🤖 AI Summary
Urban bus network design is an NP-hard problem, and conventional manual planning struggles with large-scale solution spaces. This paper proposes the first end-to-end reinforcement learning (RL) framework for automated bus network design, leveraging a Graph Attention Network (GAT) to generate routes sequentially. It introduces a novel two-level reward mechanism—integrating topological incremental feedback with simulation-based terminal rewards—to effectively address long-horizon credit assignment. The framework combines the Proximal Policy Optimization (PPO) algorithm with the Multi-Agent Transport Simulation (MATSim) platform and employs census-driven demand modeling. It is the first RL-based approach validated at real-city scale (Bloomington, IN). Empirical results show that the RL-designed network achieves a 25.6% higher service coverage, a 30.9% reduction in average waiting time, and a 21.0% improvement in vehicle utilization compared to the existing real-world network; against state-of-the-art heuristic methods, it delivers a 68.8% gain in routing efficiency.
📝 Abstract
Designing efficient transit route networks is an NP-hard problem with exponentially large solution spaces that traditionally relies on manual planning processes.

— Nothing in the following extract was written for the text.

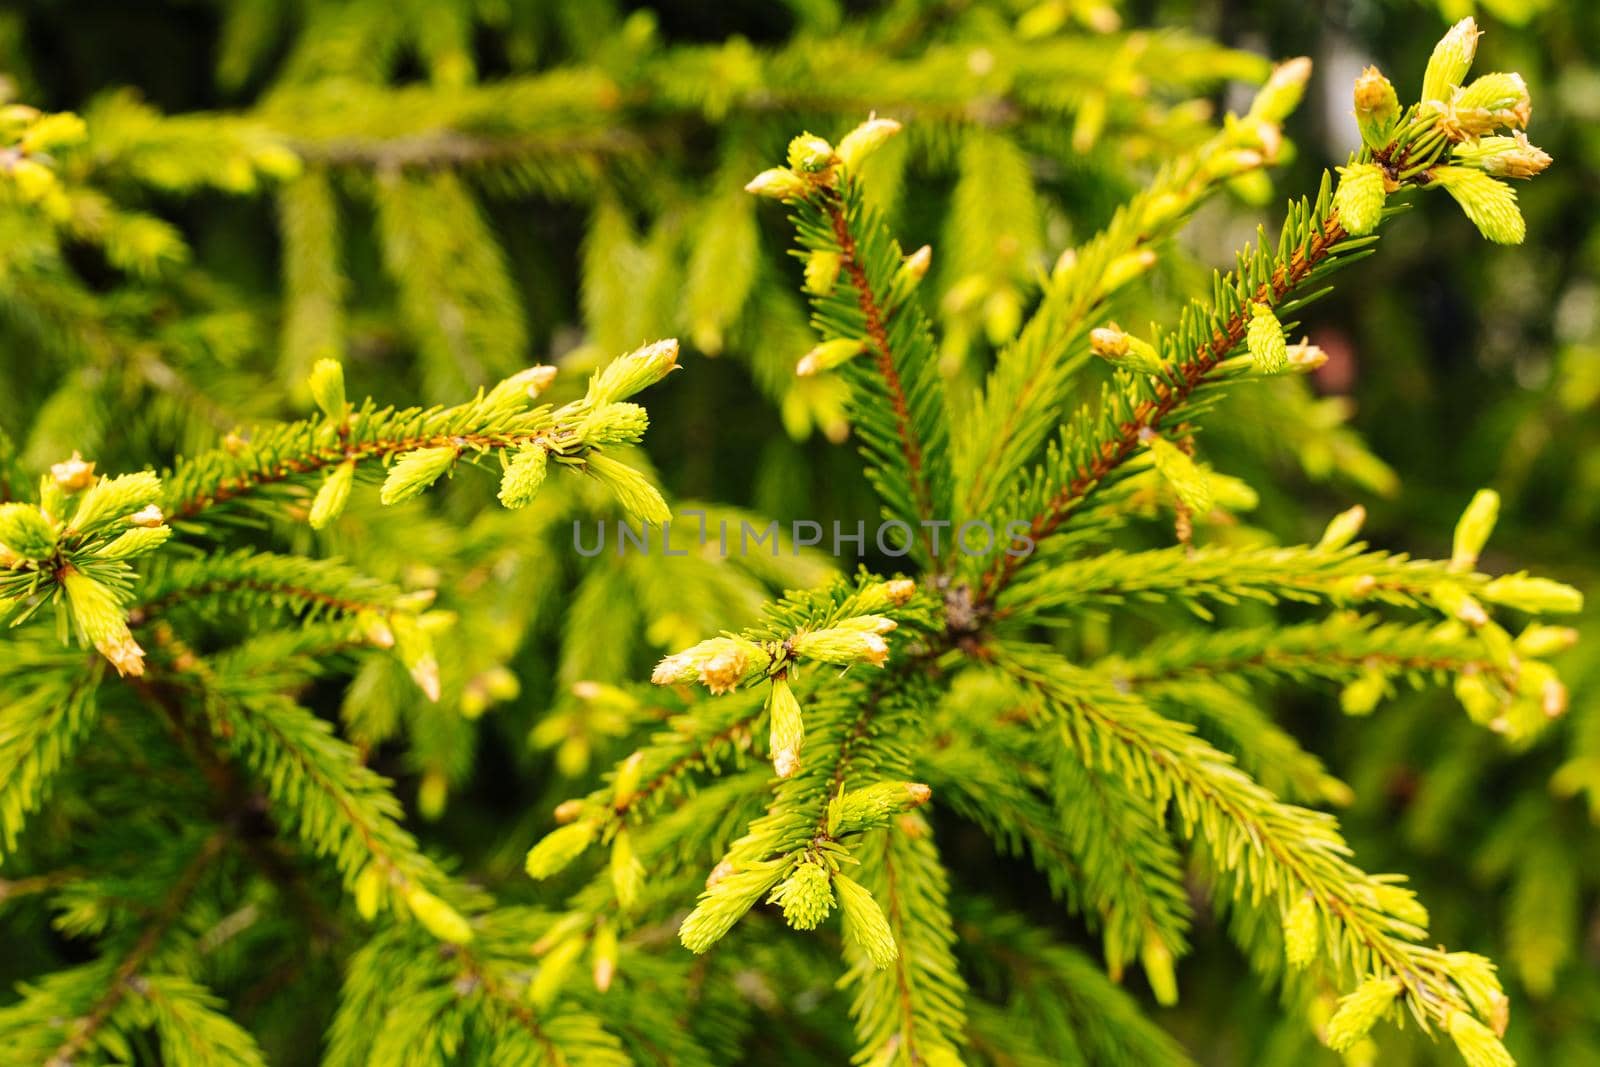 young buds and shoots on the branches of a green Christmas tree by audiznam2609
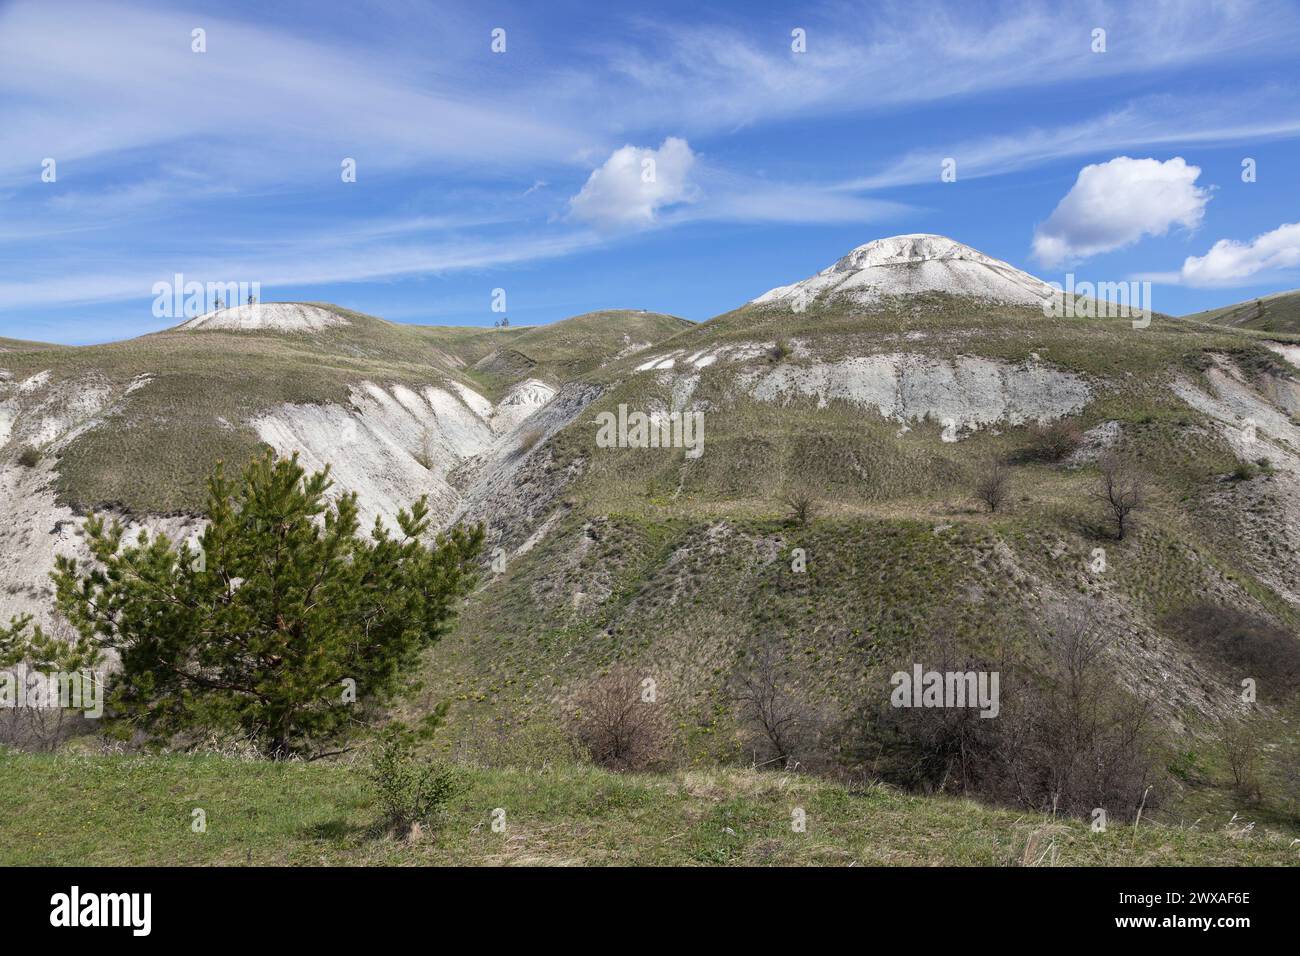 Chalk hills in Ulyanovsk region, Russia. Yellow flowers in the foreground Stock Photo

We present an end-to-end reinforcement learning (RL) framework based on graph attention networks for sequential transit network construction. To address the long-horizon credit assignment challenge, we introduce a two-level reward structure combining incremental topological feedback with simulation-based terminal rewards. We evaluate our approach on a new real-world dataset from Bloomington, Indiana with topologically accurate road networks, census-derived demand, and existing transit routes. Our learned policies substantially outperform existing designs and traditional heuristics across two initialization schemes and two modal-split scenarios. Under high transit adoption with transit center initialization, our approach achieves 25.6% higher service rates, 30.9% shorter wait times, and 21.0% better bus utilization compared to the real-world network. Under mixed-mode conditions with random initialization, it delivers 68.8% higher route efficiency than demand coverage heuristics and 5.9% lower travel times than shortest path construction. These results demonstrate that end-to-end RL can design transit networks that substantially outperform both human-designed systems and hand-crafted heuristics on realistic city-scale benchmarks.